As a NaNoWriMo winner last year, I received a sweet deal on a subscription to Great Courses Plus. I signed up for it because it had a series on Philosophy of Mind. My thinking was that if I couldn’t read my Philosophy of Mind texts and course work from 2012 well enough to remember, maybe I could watch a series of short video lectures and learn that way. It sort of worked. I couldn’t watch a 30-minute lecture in one go, and I didn’t remember much better. Actually, I don’t recall any of what I watched.
As regular readers know, I spent the summer relearning how to read with comprehension and began reading Philosophy of Mind again, this time being able to understand, remember, and extrapolate. Still, it’s tough. I can read only a few or two paragraphs at a time. So before my subscription ran out, I thought I’d re-watch the 30-minute lecture on Descartes and dualism to augment my reading.
Well. That was different!
I created imagery as I watched, just like I do when reading. It was kind of automatic, which is a really good sign that my brain has changed as a result of my reading rehab ie Visualizing and Verbalizing with Lindamood-Bell. I used a lot of the imagery I had created while reading Descartes’s meditations and some of the related course work.

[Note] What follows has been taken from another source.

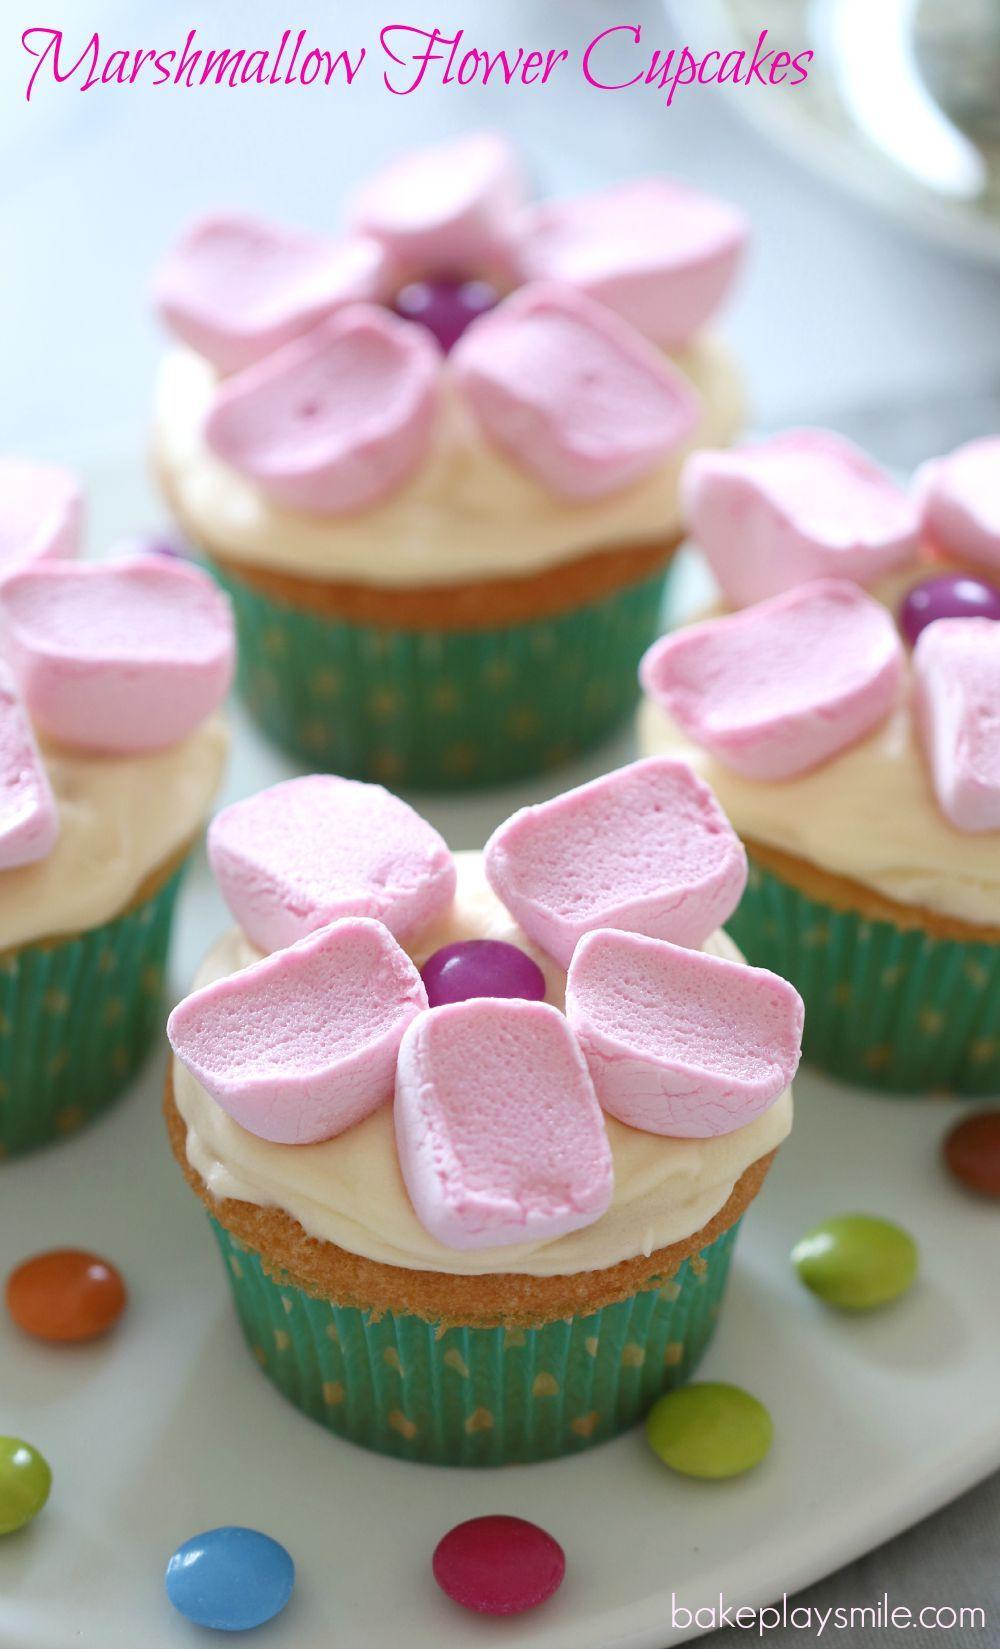 Cute Marshmallow Flower Cupcakes Recipe Smarties recipes

The most astounding part: I understood the lecture at a much deeper level than I had prior to my summer of learning how to visualize and verbalize what I read. This week, I remembered bits he mentioned in his lecture that I hadn’t known or remembered from when I first watched his lecture or took the Philosophy of Mind course back in 2012 (what I’ve reread of the course so far didn’t mention the bits I learnt from the video lecture). I was able to connect the dots, almost seamlessly. I also watched the entire lecture.
I’m actually watching shows and movies with fewer stoppages, too.
As a result, it was far more enjoyable — the mental work paid off. Just like with reading. The only thing I didn’t do properly was verbalize what I’d watched: speak out loud a word summary, tell myself the main idea, ask myself higher-order thinking questions. I should do that next time.
When you can watch or read with comprehension, it’s not a chore, it’s not disheartening, it’s rewarding.
So since I was again a NaNoWriMo winner and Great Courses Plus again offered a discount and this time in Canadian dollars, too, I re-subscribed so I could start watching the lectures all over again. And this year finish the series.